Borrow Money With Prosper & Lending Club

December 22, 2009 by Jim

I hosted a guest post by Jonathan sharing his experiences with borrowing money from peer to peer lending network Prosper. Just recently, I received the following email from a reader singing their praises:

I’ve borrowed twice now from Prosper and I love it. The first loan was $7000 at 8.65% for three years and the most recent was $8000 at 9.65% for three years. I got the 2nd in response to the credit cards jacking up my interest rate and slashing my credit limit no reason. I was so angry about the credit card behaviors that I wanted to get my debts as far away from them as possible.

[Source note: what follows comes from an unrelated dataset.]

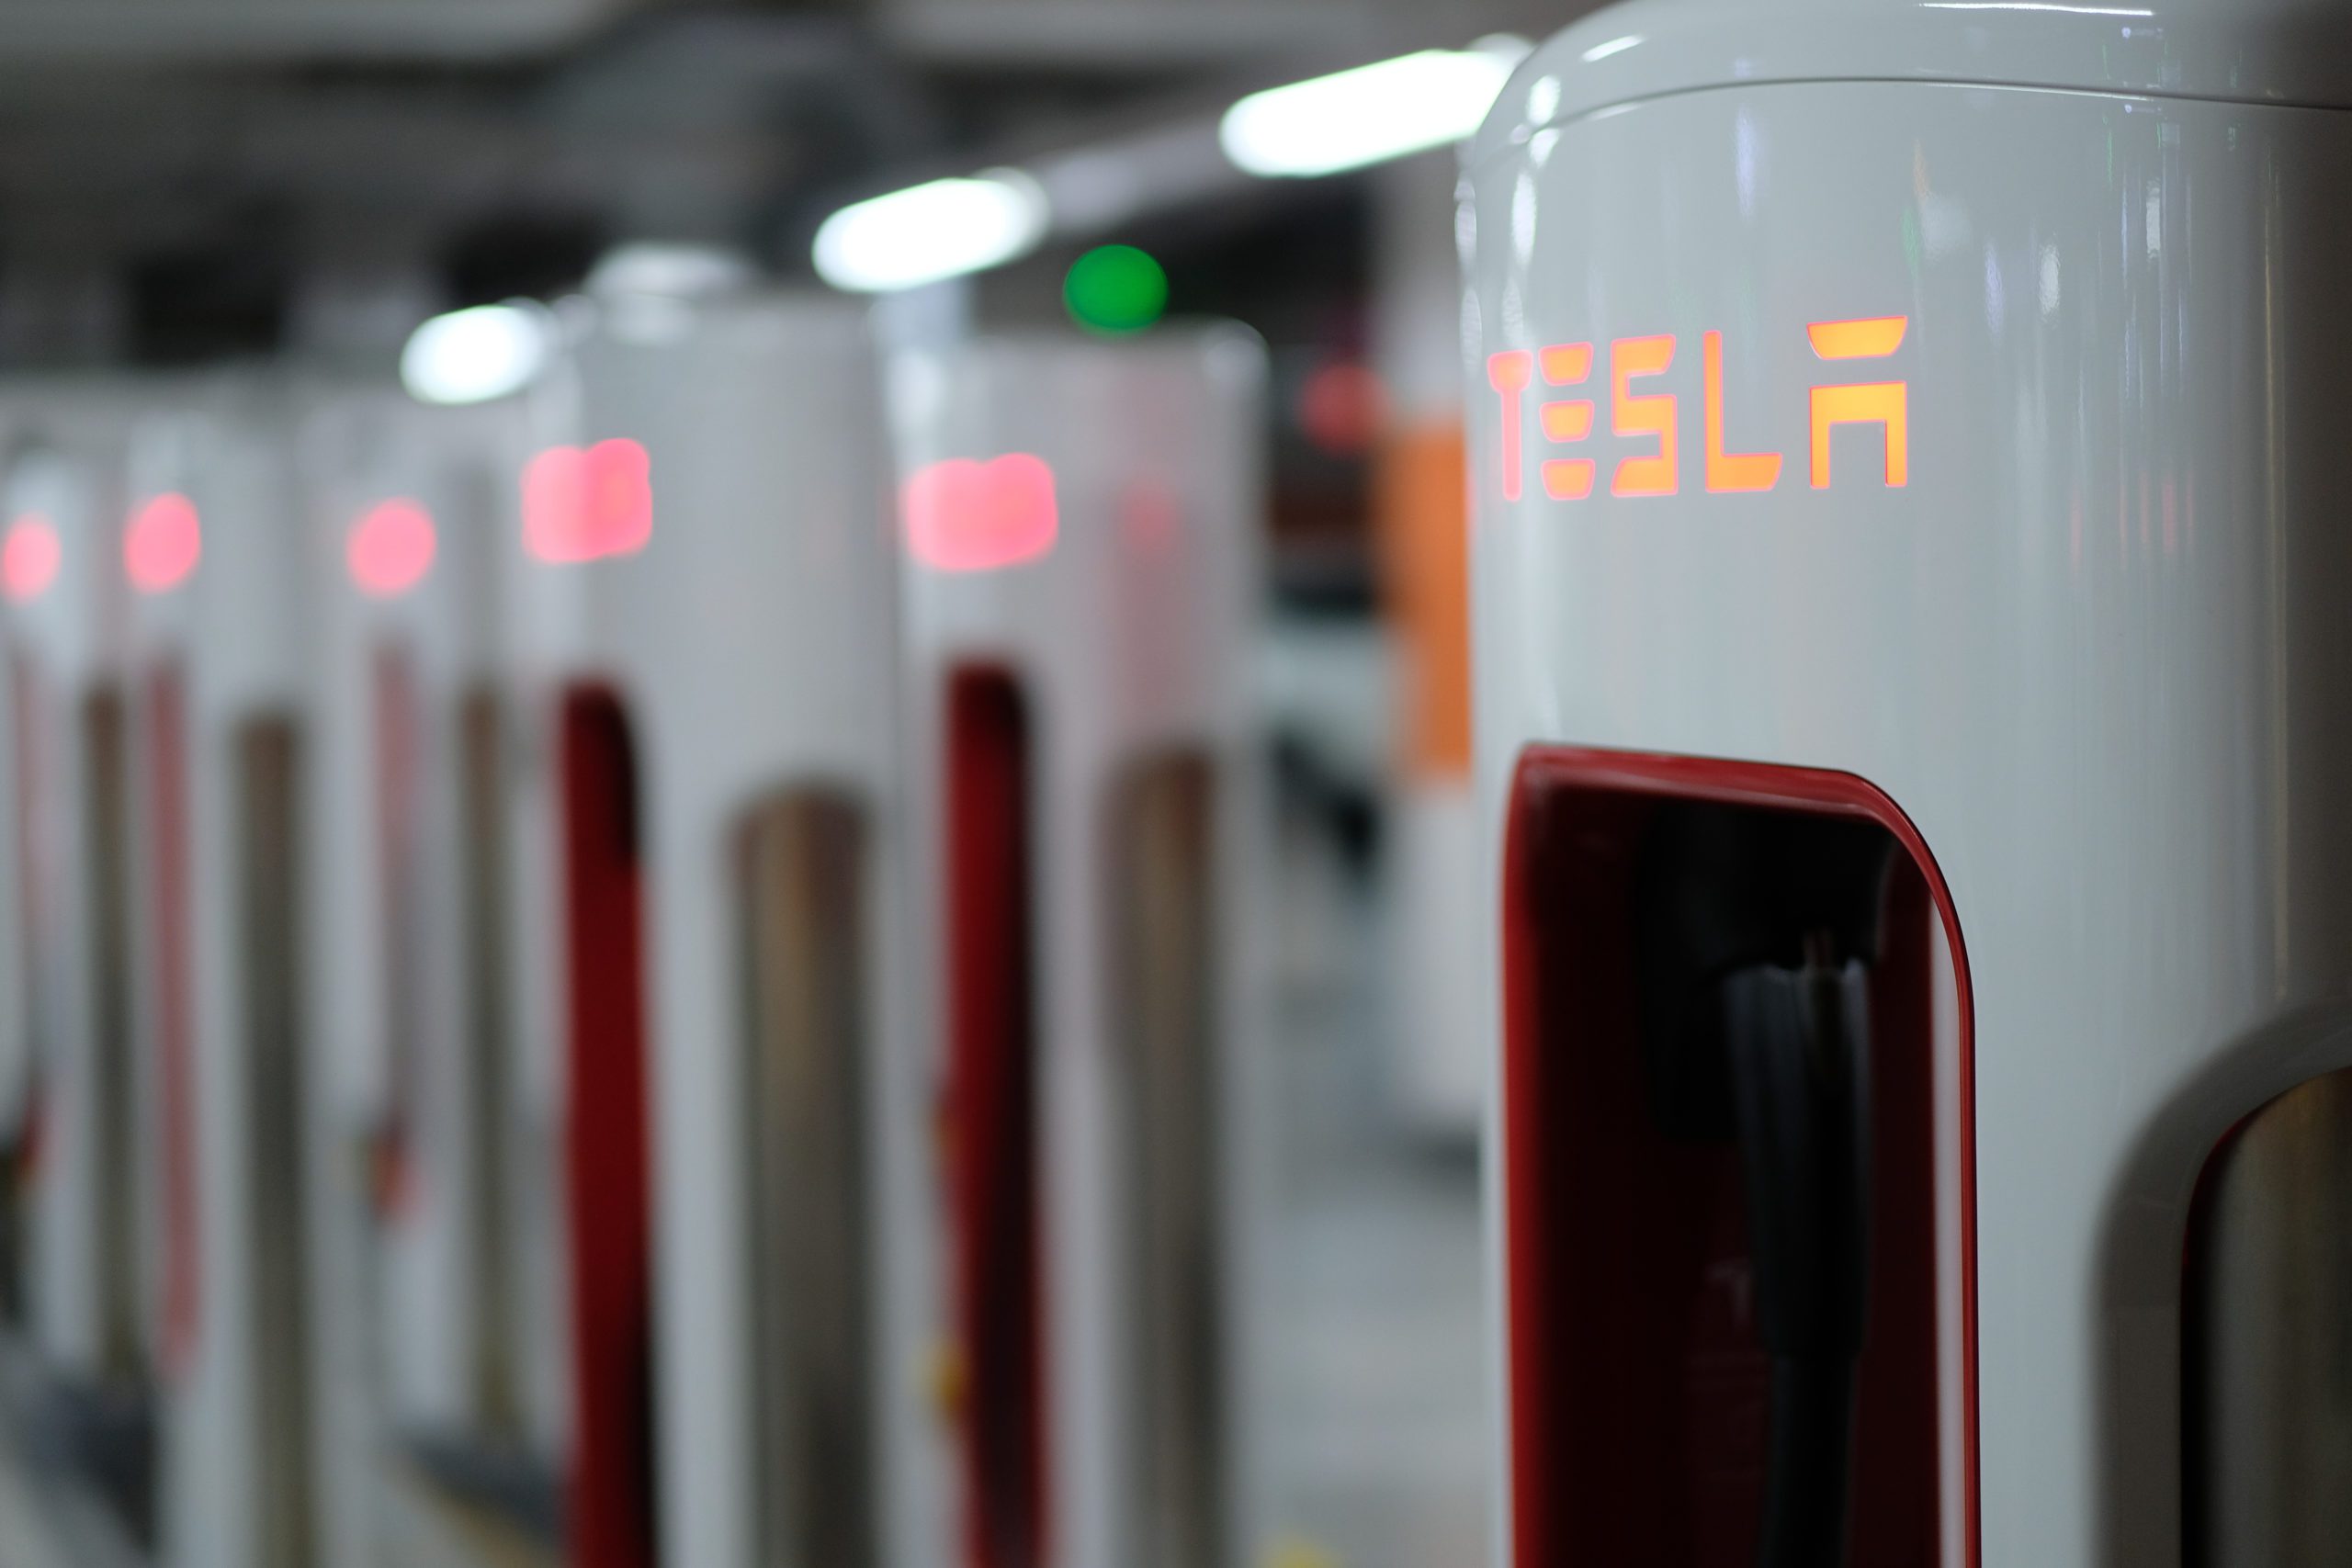 Tesla's charging piles in Shanghai
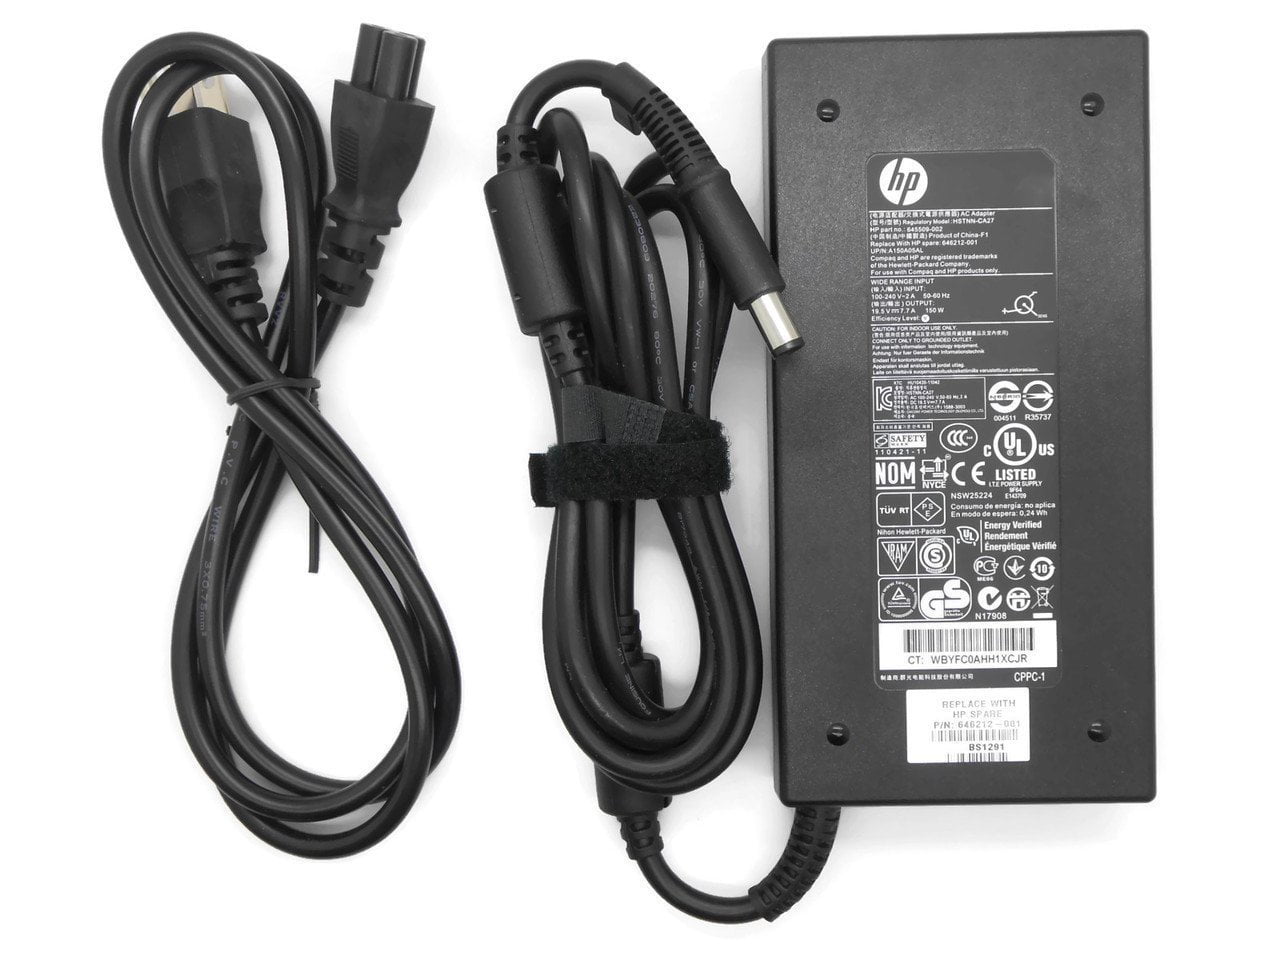 New Genuine HP watt Slim Smart pin AC Power Adapter 677763-001 Walmart.com

There is no hassle, I applied for the loan, watched people bid the initial interest rate down, and eventually got the cash. Once the loan was funded, they called me to verify who I was. You have to provide documentation that you are who you say. They direct deposit the money into the account you specify a day or so later.

Benefits

With lenders being very strict about who they offer loans to and credit cards slamming people with interest rate hikes and fees, borrowers are turning towards some atypical sources of funding to help pay down debt. Loans from peer to peer lending networks have some significant benefits:

  • Fixed interest rate: Unlike credit cards, these loans have fixed interest rates that will not change. The rates can’t be lowered or increased simply because the lender “feels” like it or because some equation tells them you’re suddenly riskier.
  • You can’t add to the debt: One of the difficulties with getting out of credit card debt is in the card itself. If you’re in debt, you can continue to pile on the expenses. That’s akin to digging your own grave when you think you’re filling in the hole!
  • Loans are reported to credit bureaus: This is a huge benefit that helps you battle down debt and build up your credit at the same time. You aren’t penalized for going to a p2p loan.
  • You’re done in 3 years: The loans are for a period of three years so you aren’t paying for a $10 pizza for the next ten years because of interest!
  • You get the best possible interest rate: When you go to the bank or stick with a credit card, they dictate the interest rate you get. With these loan marketplaces, investors bid down the interest you’ll pay. You set an initial number, investors, based on your credit history and current debt, can bid the interest rate down.

Downsides

There are a few potential negatives about going to peer to peer networks for funding:

  1. The process can take a long time. It’s not uncommon for the process to take a month, which is how long it took for the reader to finish the process and that may be too long depending on your needs. The reason why the process takes so long is because they work like auctions, with investors bidding on how much interest they’re willing to accept to loan you funds.
  2. High credit requirements. Both networks require relatively high credit scores:
    • Lending Club is open to US residents with a FICO score of at least 660 and a debt-to-income ratio (excluding mortgage) below 25%. You need at least 3 years of credit history with no current delinquencies, recent bankruptcies, open tax liens, charge-offs, or non-medical collections account in the last 12 months. No more than 10 inquiries in the last 6 months, a revolving credit utilization of less than 100%, and more than 3 accounts on your report, of which at least two must currently be open.
    • Prosper is open to US residents with a FICO score of at least 640 and must be “approved by Prosper’s anti-fraud and identity verification systems.” It’s unclear how those systems operate.

I’ve never personally gone through the borrowing process but it seems painless enough. The prospect of having a credit card debt charging me double digit interest rates has always kept me out of that particular danger, but if I was in that situation, a single digit, fixed interest rate 3 year loan sounds mighty appealing.